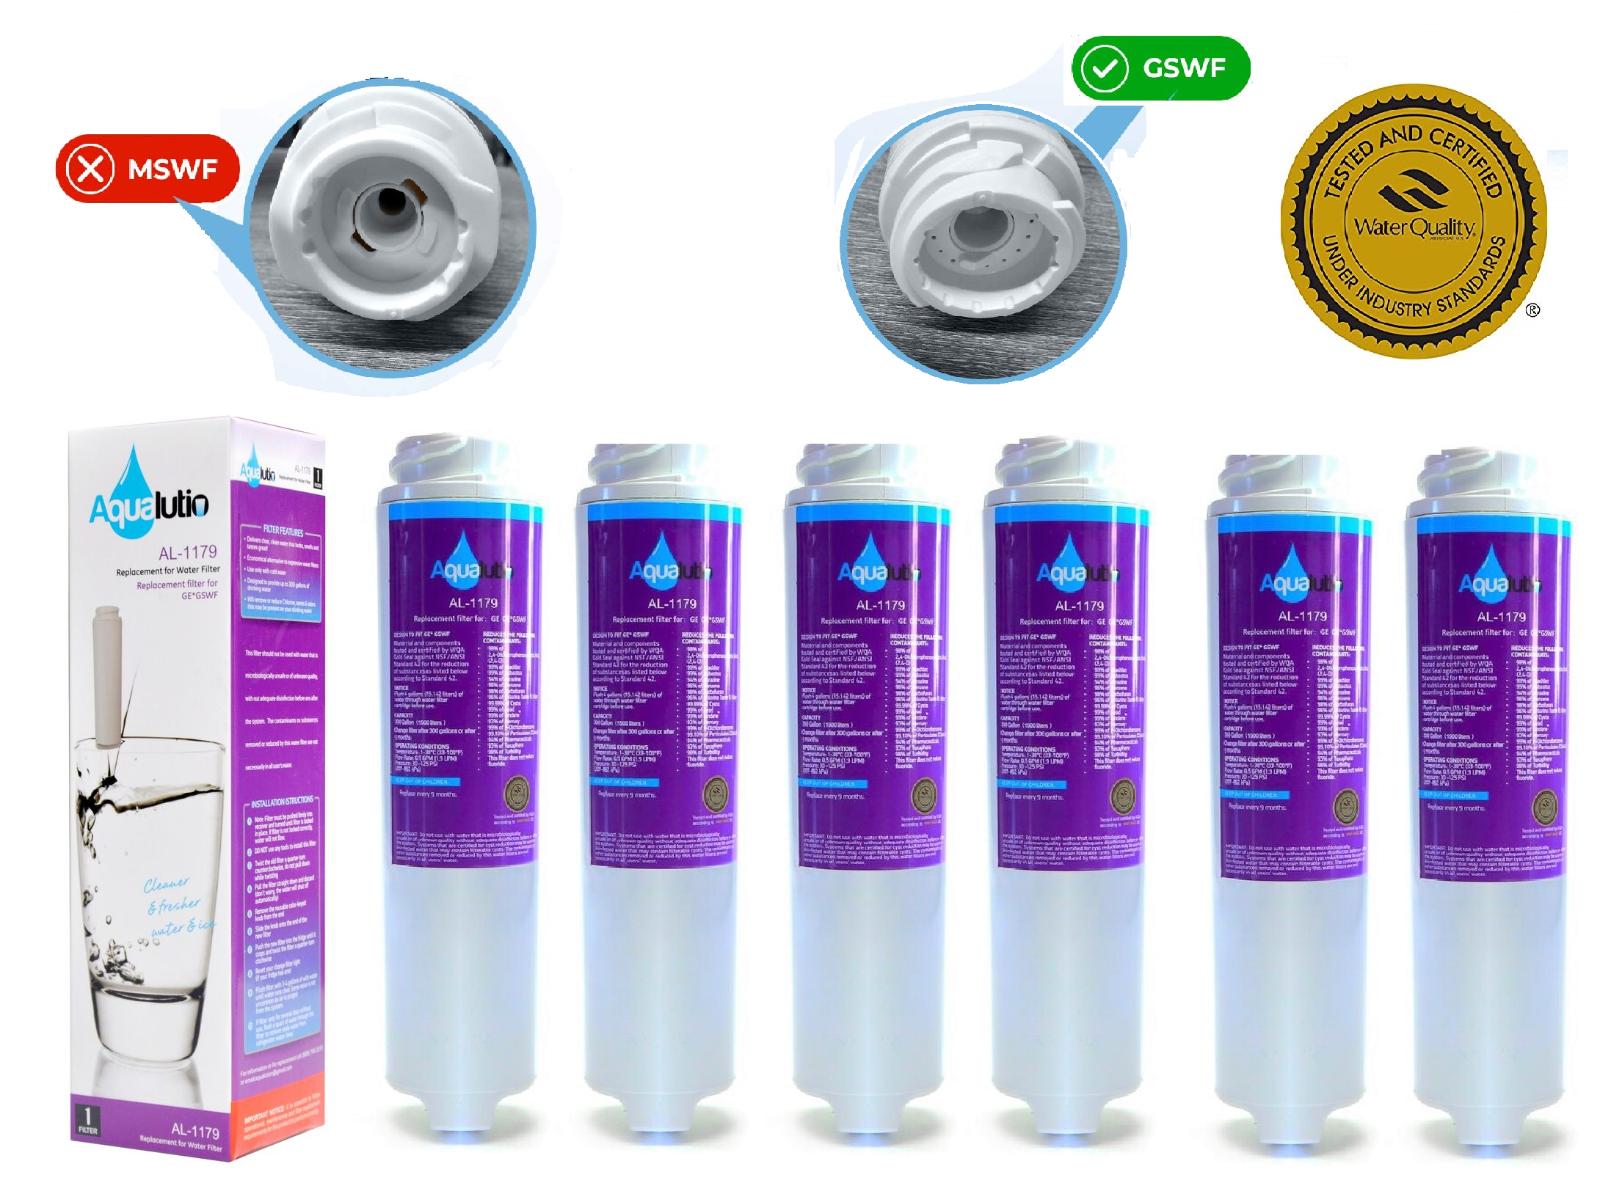 GE SmartWater Refrigerator Water Filter
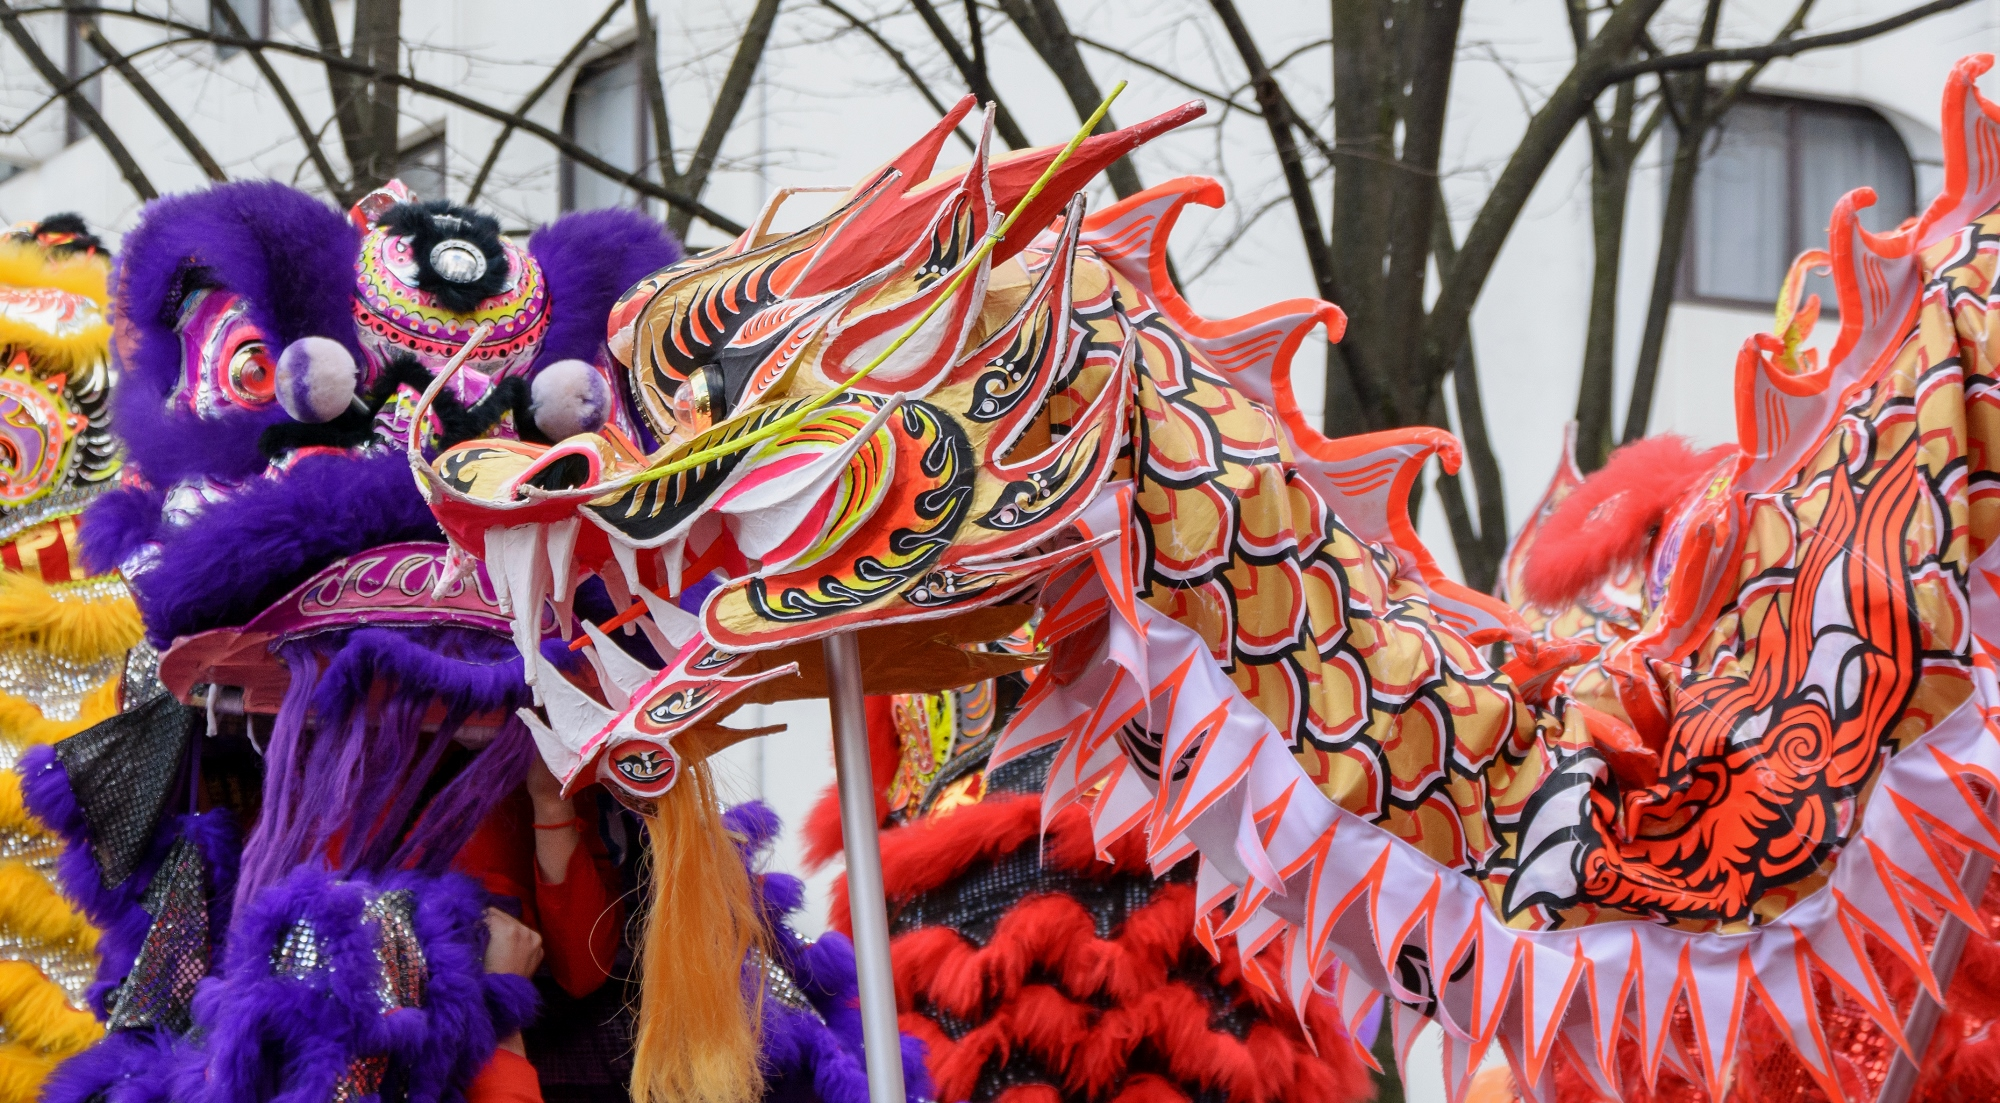 Nouvel an chinois 2015 - Paris 13e
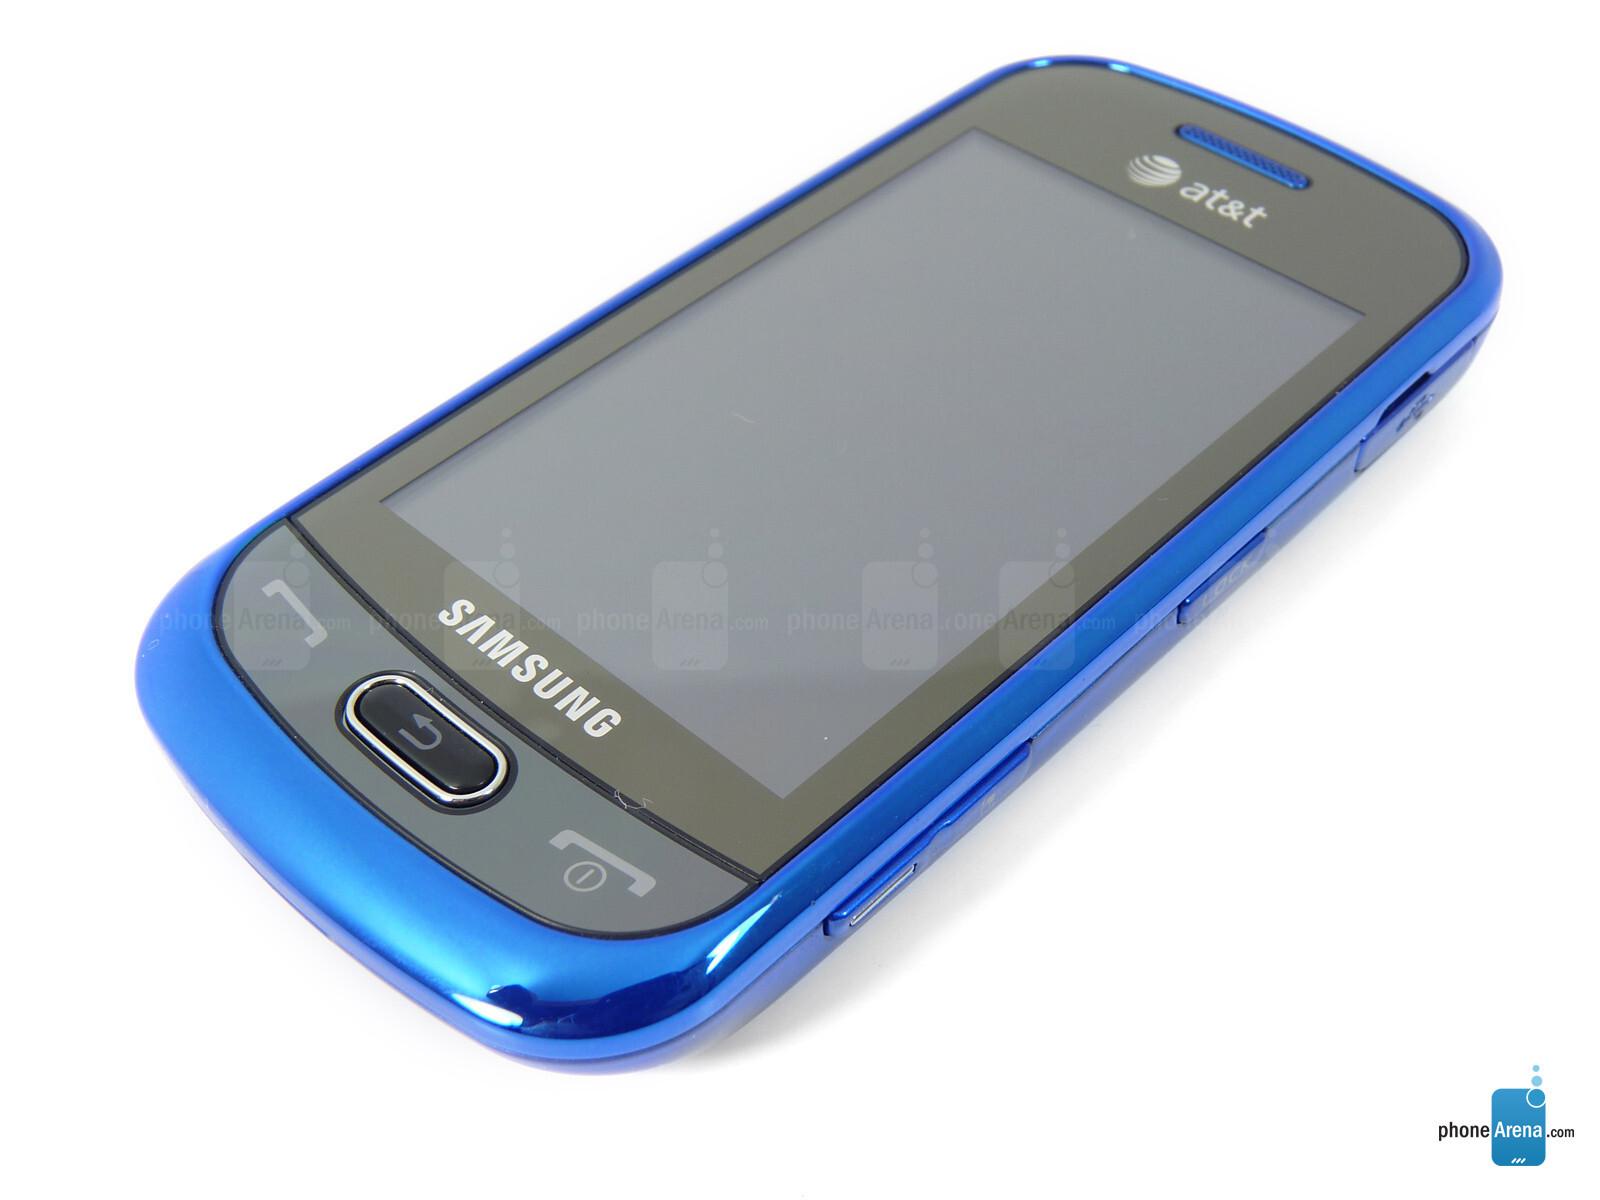 samsung eternity ii photos rh phonearena com Samsung Eternity A867 Eternity II A597
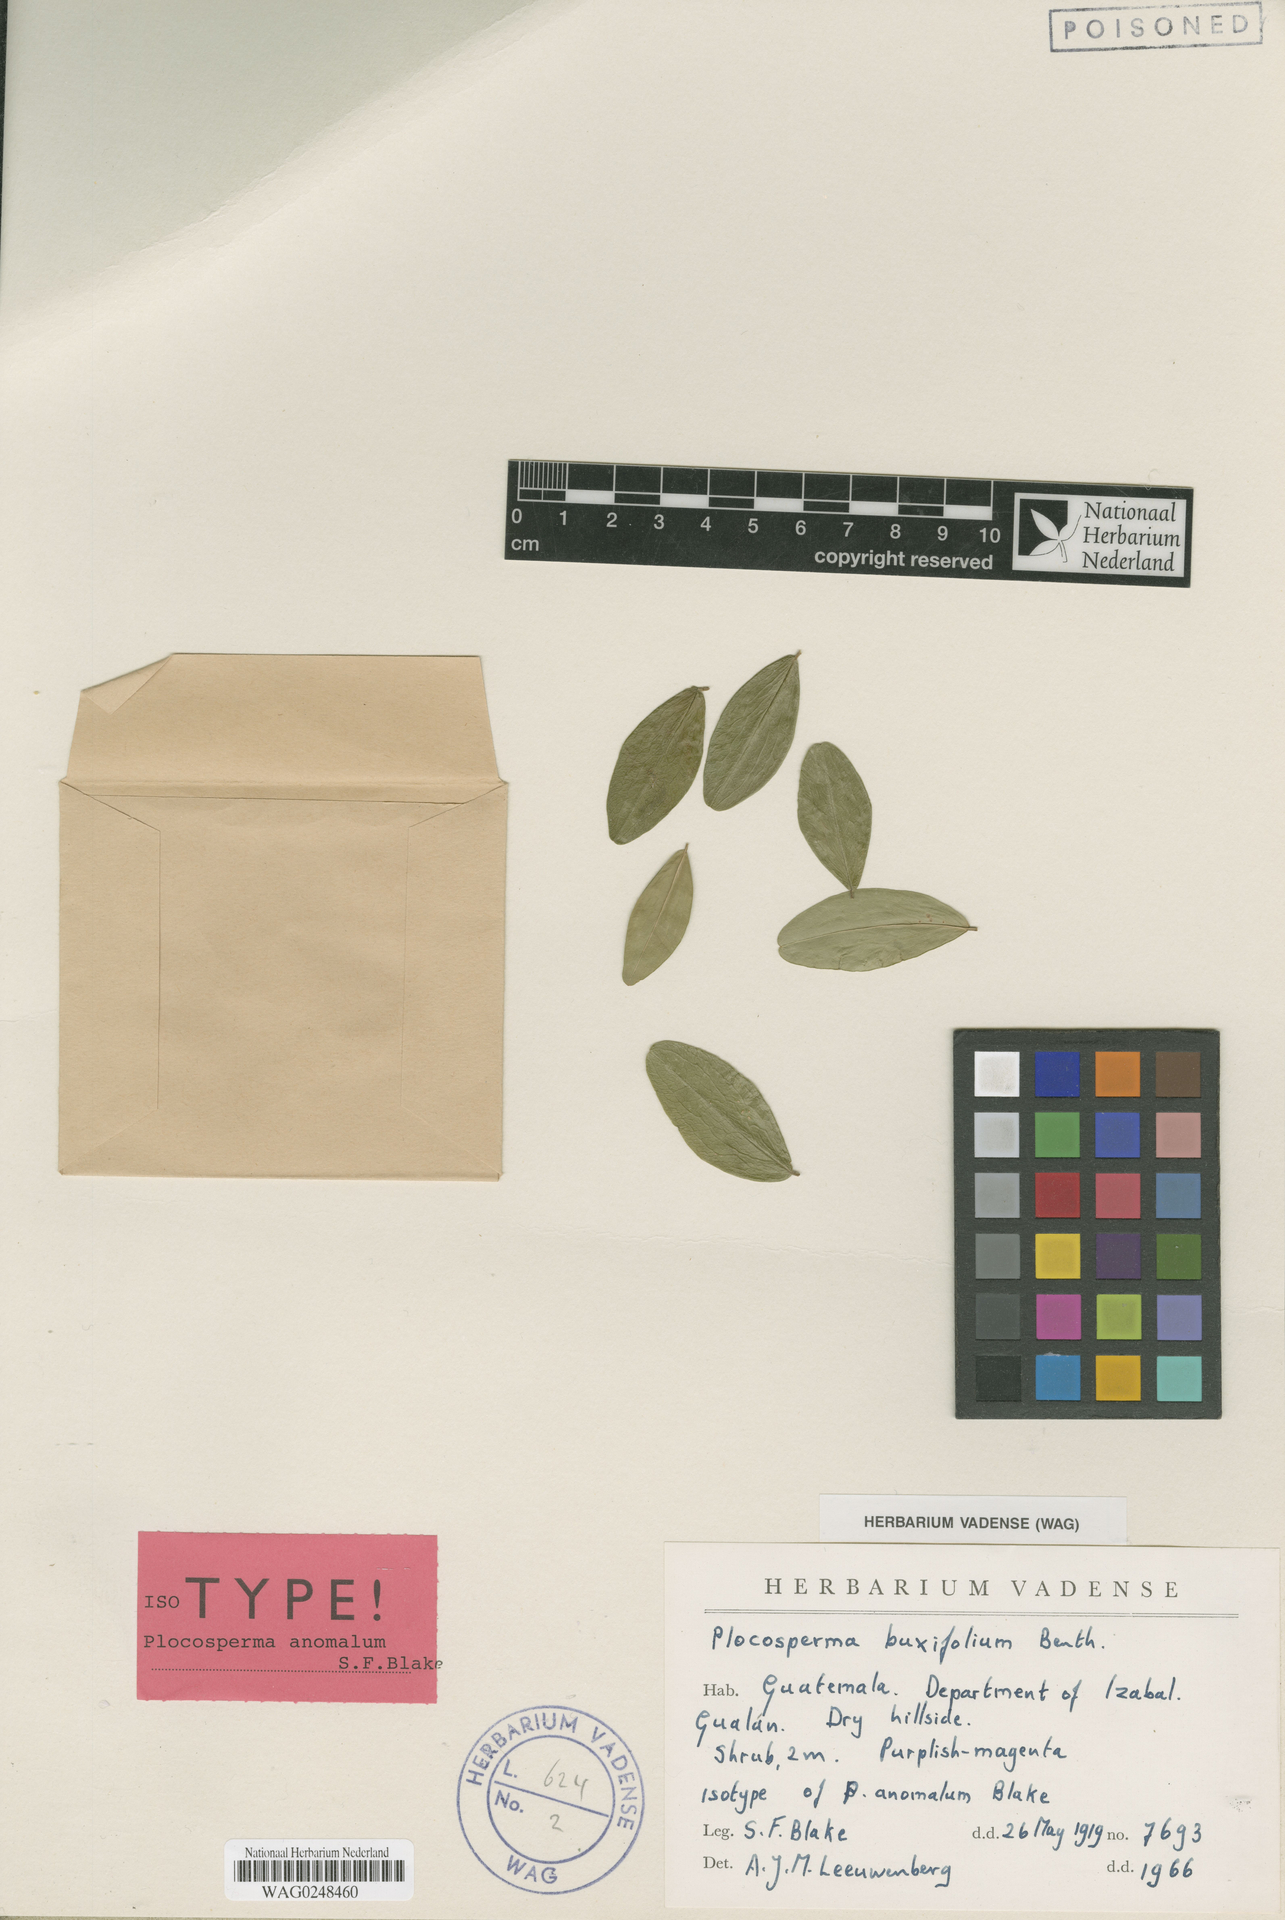 WAG0248460 | Plocosperma buxifolium Benth.

> [About this exercise]
Where pictures occur in the material above, omit them and return everything else exactly.

> [Your response]
 GE SmartWater Refrigerator Water Filter
 Nouvel an chinois 2015 - Paris 13e
 samsung eternity ii photos rh phonearena com Samsung Eternity A867 Eternity II A597
 WAG0248460 | Plocosperma buxifolium Benth.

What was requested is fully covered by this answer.